Exercise requirements>
Word for word, copy out the data below, omitting pictures.

Source material>
□ □ □

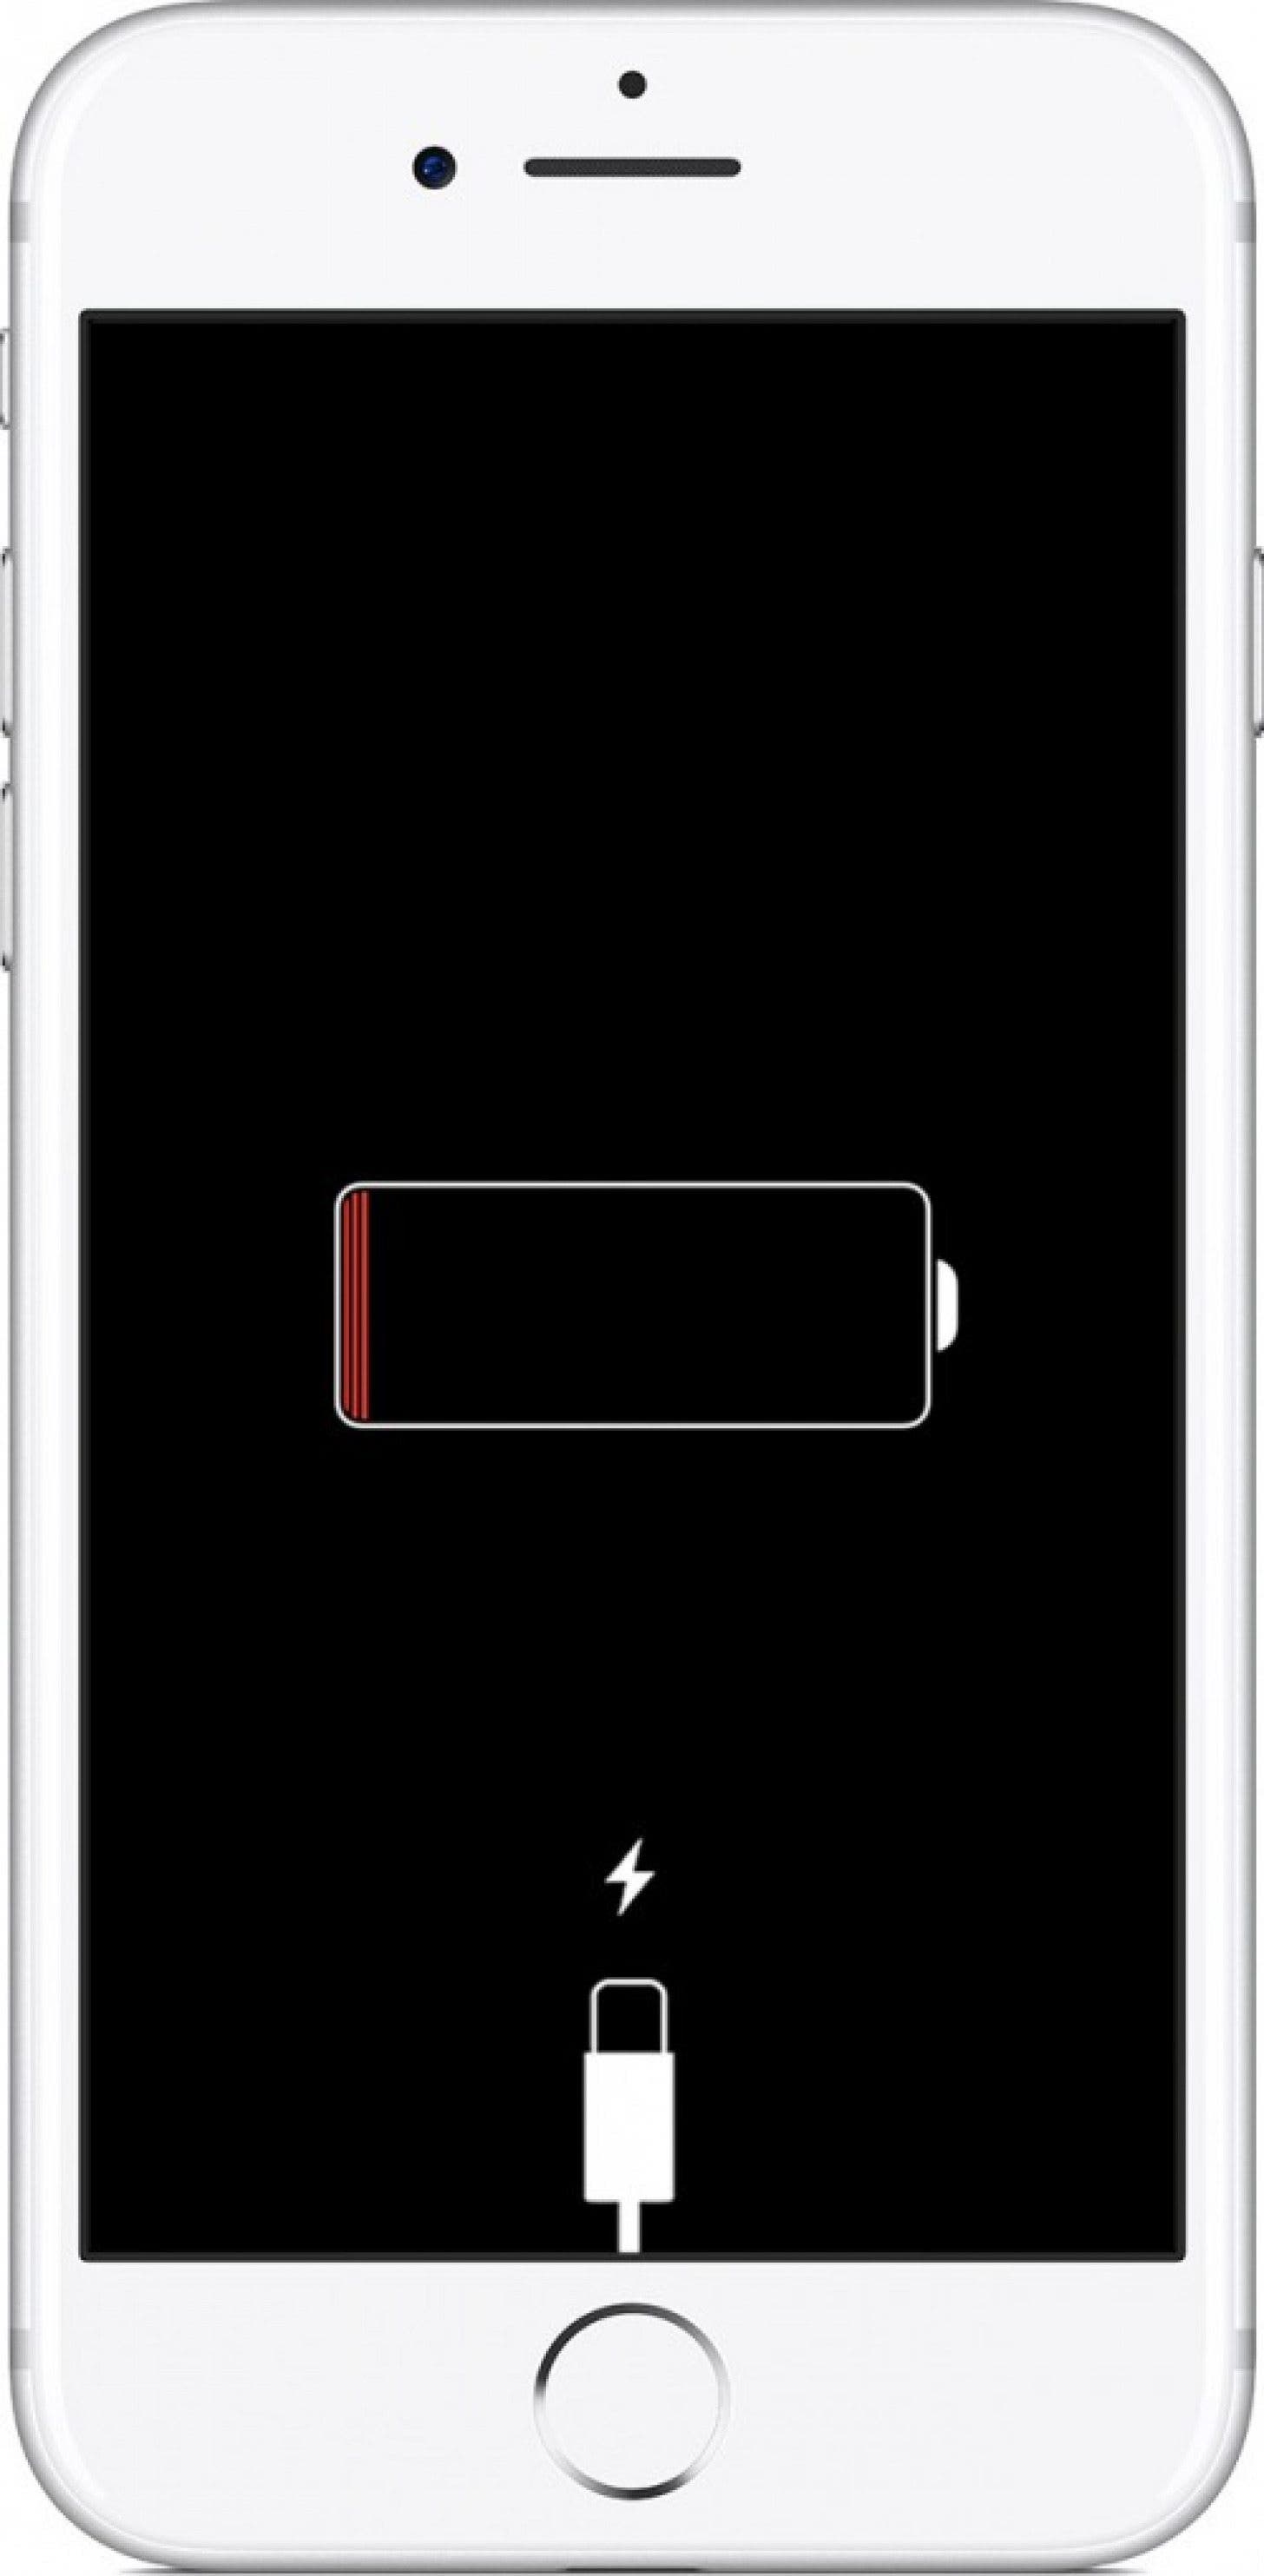 Виключіть розряджену батарею, підключивши телефон до мережі, щоб перевірити, чи він заряджається; Ви також можете спробувати інший зарядний пристрій, якщо ваш основний зарядний пристрій або кабель зламано.
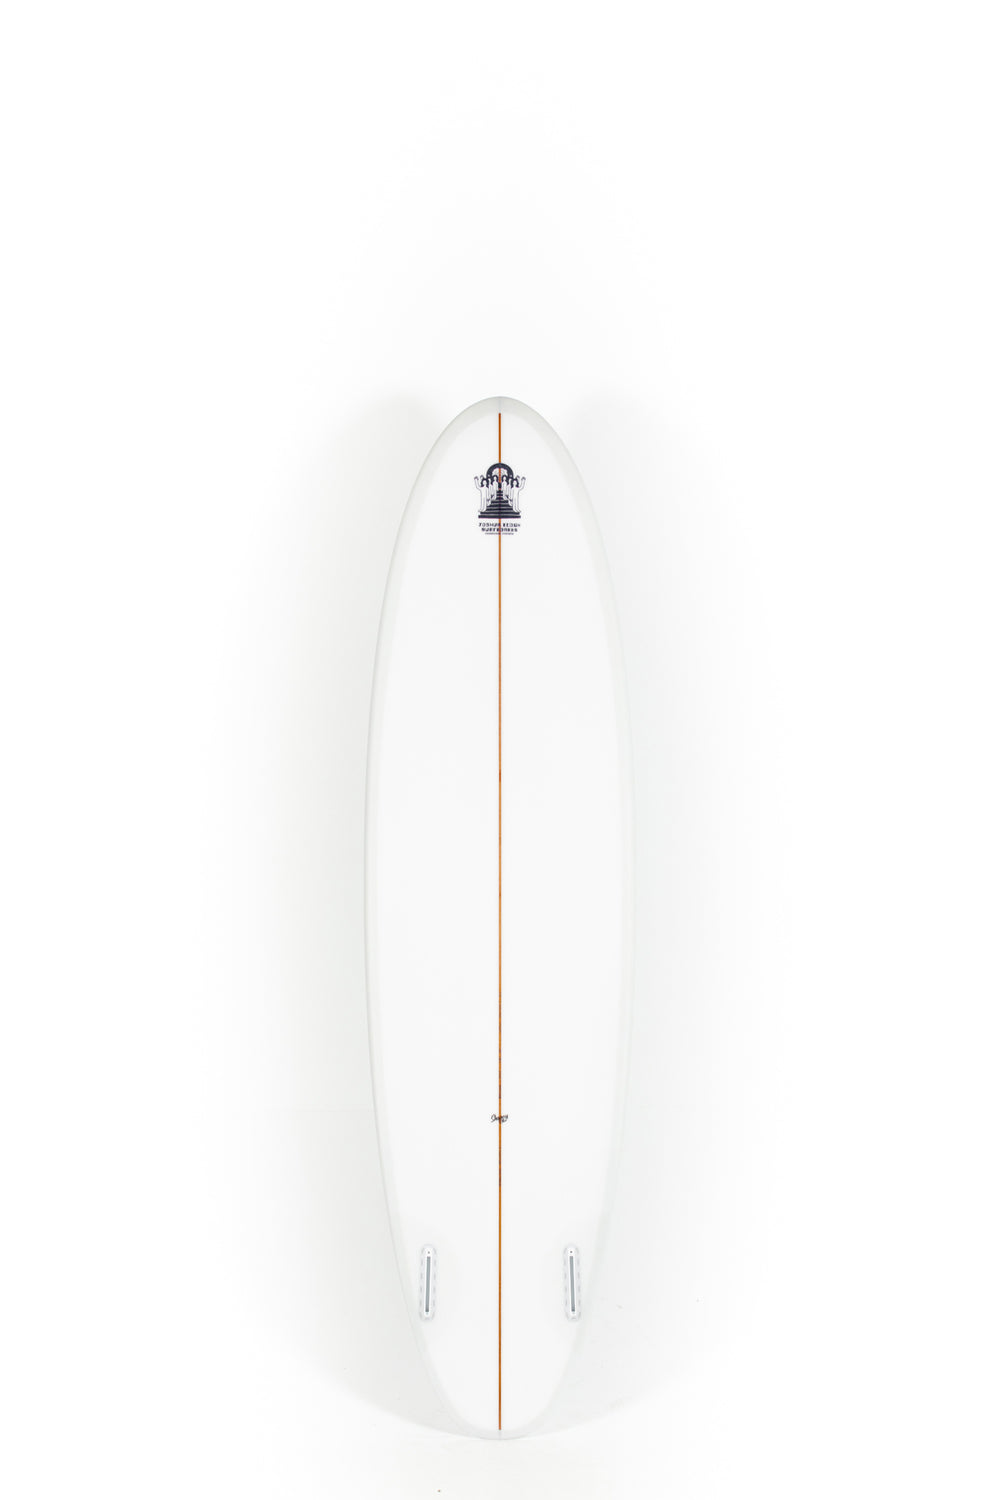 Joshua Keogh Surfboard - LIBERATOR TWIN 6'10
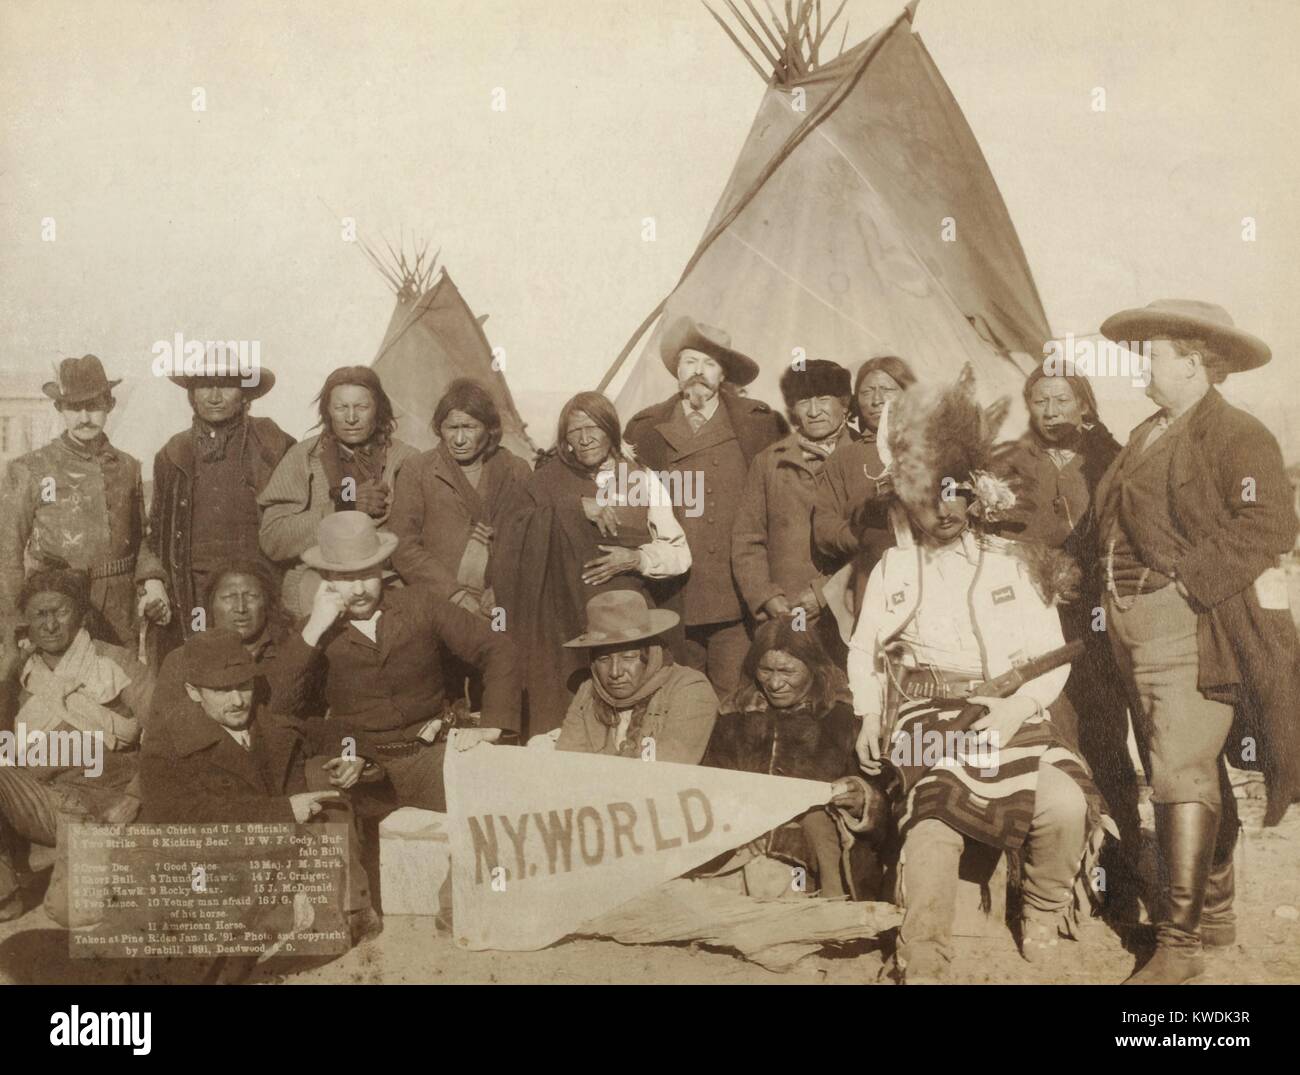 Euroamericana Lakota e gli uomini a Pine Ridge Prenotazione on gennaio 16, 1891. Essi sono stati il tentativo di ristabilire la pace dopo la Wounded Knee massacro di dicembre 29, 1890. In piedi e seduta in due righe nella parte anteriore del tipis. Gli uomini di fronte sono in possesso di un "NY Mondo' gagliardetto. Dalla leggenda: capi indiani e i funzionari statunitensi. 1. Due sciopero. 2. Crow cane. 3. Breve - Boll. 4. Falco di alta. 5. Due lance. 6. La calciata orso. 7. Buona voce. 8. Thunder Hawk. 9. Orso rocciosi. 10. Giovane uomo ha paura del suo cavallo. 11. Cavallo americano. 12. W.F. Cody (Buffalo Bill). 13. Il Mag. J.M. Burk. 14. J.C. Craiger. 15. J. McDonald. 16. J.G. Vale la pena. Foto Stock
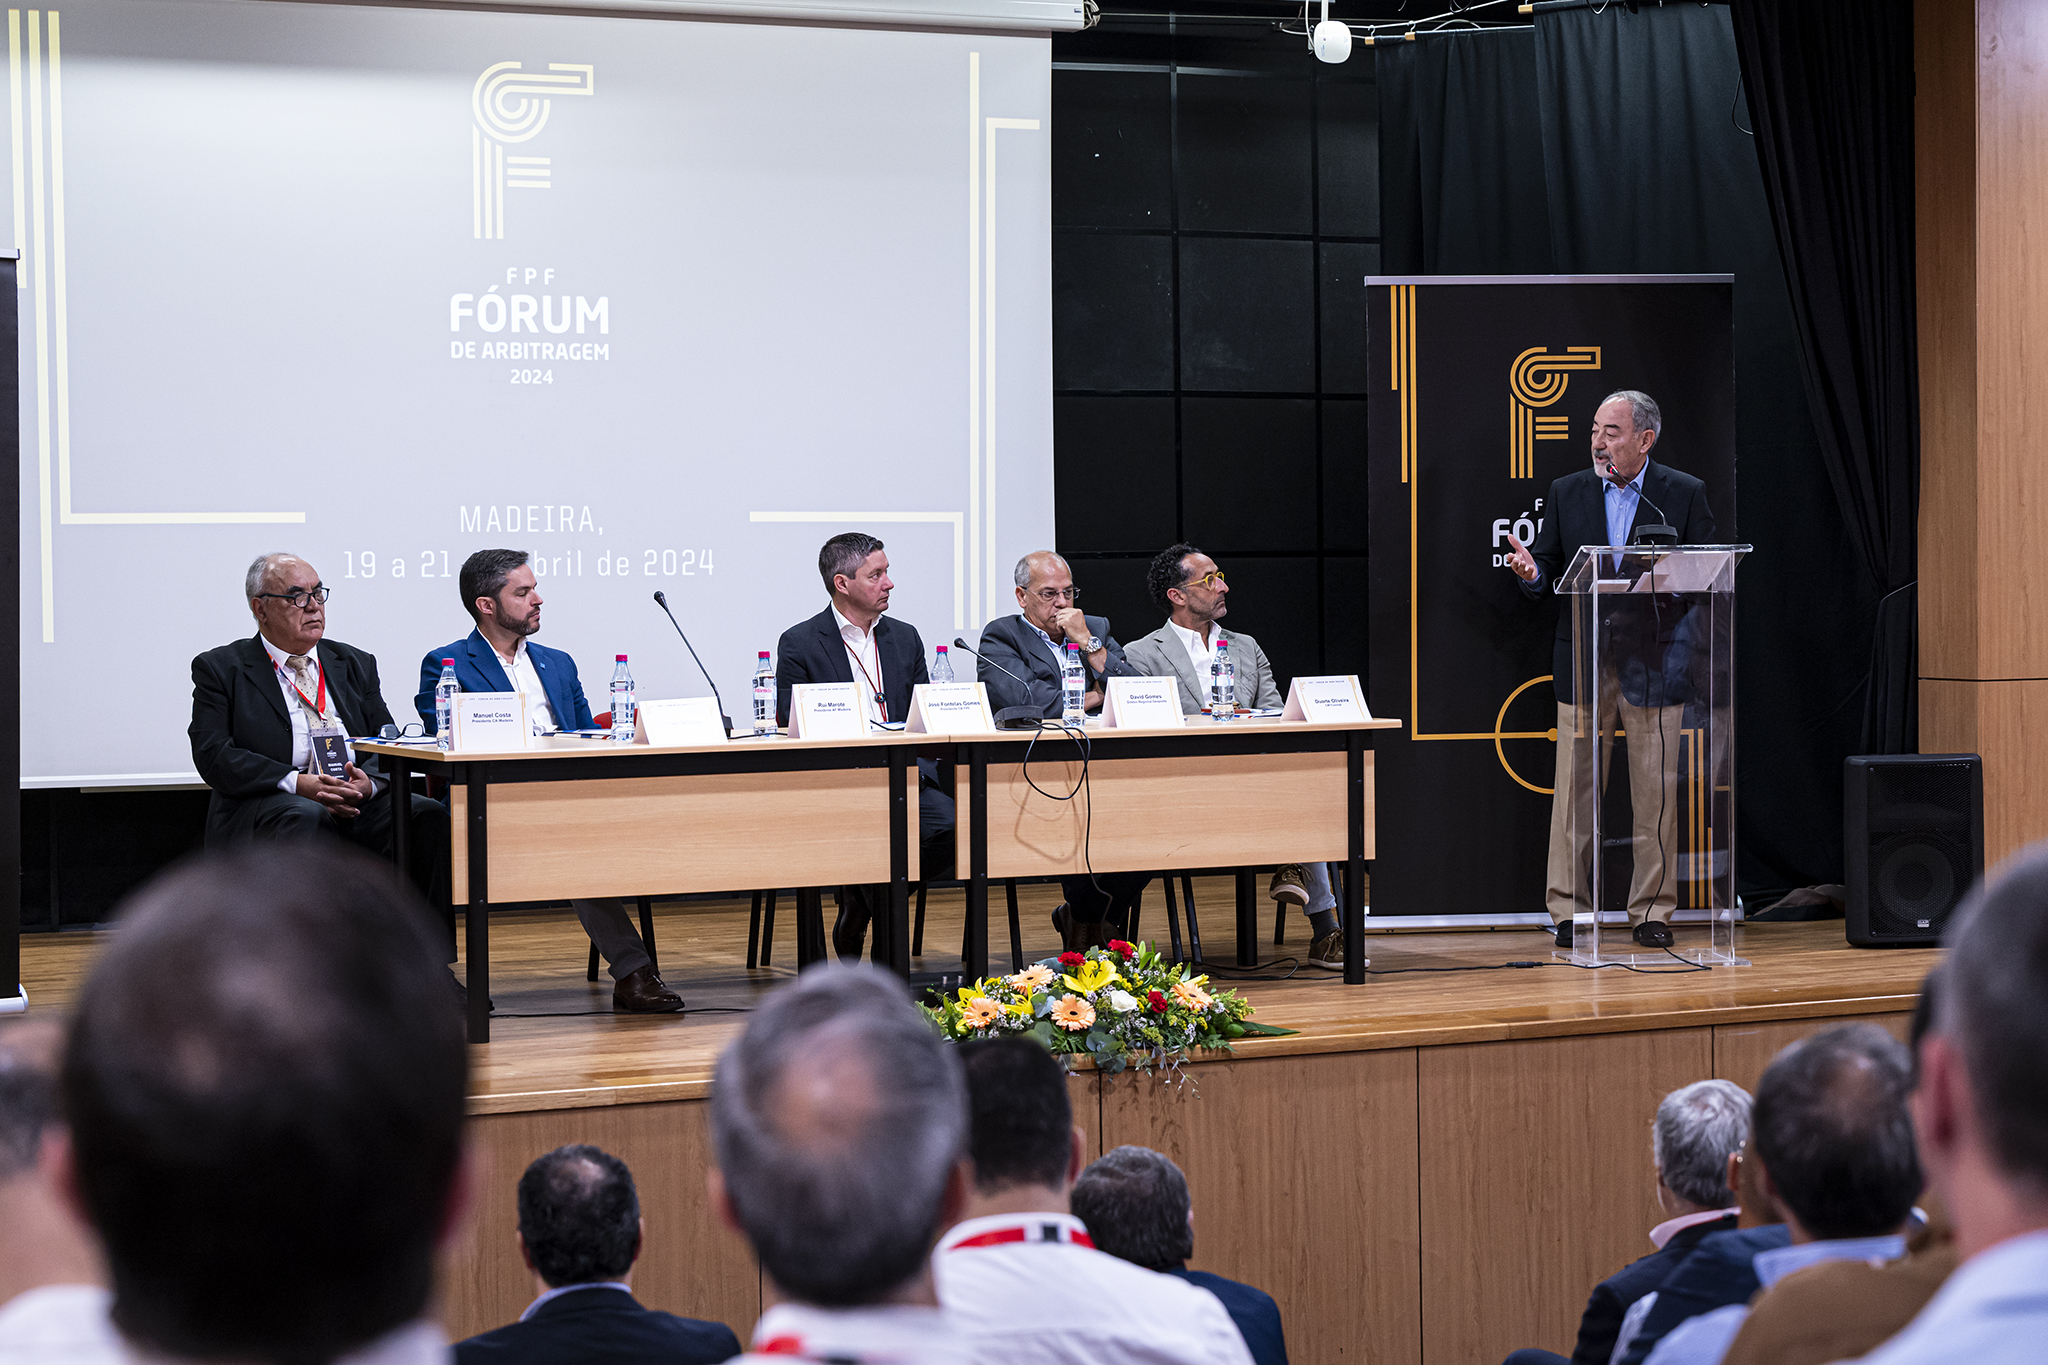 XXI Fórum de Arbitragem: trabalhos iniciados no Funchal

□ □ □

Reply>
 Виключіть розряджену батарею, підключивши телефон до мережі, щоб перевірити, чи він заряджається; Ви також можете спробувати інший зарядний пристрій, якщо ваш основний зарядний пристрій або кабель зламано.
 Joshua Keogh Surfboard - LIBERATOR TWIN 6'10
 Euroamericana Lakota e gli uomini a Pine Ridge Prenotazione on gennaio 16, 1891. Essi sono stati il tentativo di ristabilire la pace dopo la Wounded Knee massacro di dicembre 29, 1890. In piedi e seduta in due righe nella parte anteriore del tipis. Gli uomini di fronte sono in possesso di un "NY Mondo' gagliardetto. Dalla leggenda: capi indiani e i funzionari statunitensi. 1. Due sciopero. 2. Crow cane. 3. Breve - Boll. 4. Falco di alta. 5. Due lance. 6. La calciata orso. 7. Buona voce. 8. Thunder Hawk. 9. Orso rocciosi. 10. Giovane uomo ha paura del suo cavallo. 11. Cavallo americano. 12. W.F. Cody (Buffalo Bill). 13. Il Mag. J.M. Burk. 14. J.C. Craiger. 15. J. McDonald. 16. J.G. Vale la pena. Foto Stock
 XXI Fórum de Arbitragem: trabalhos iniciados no Funchal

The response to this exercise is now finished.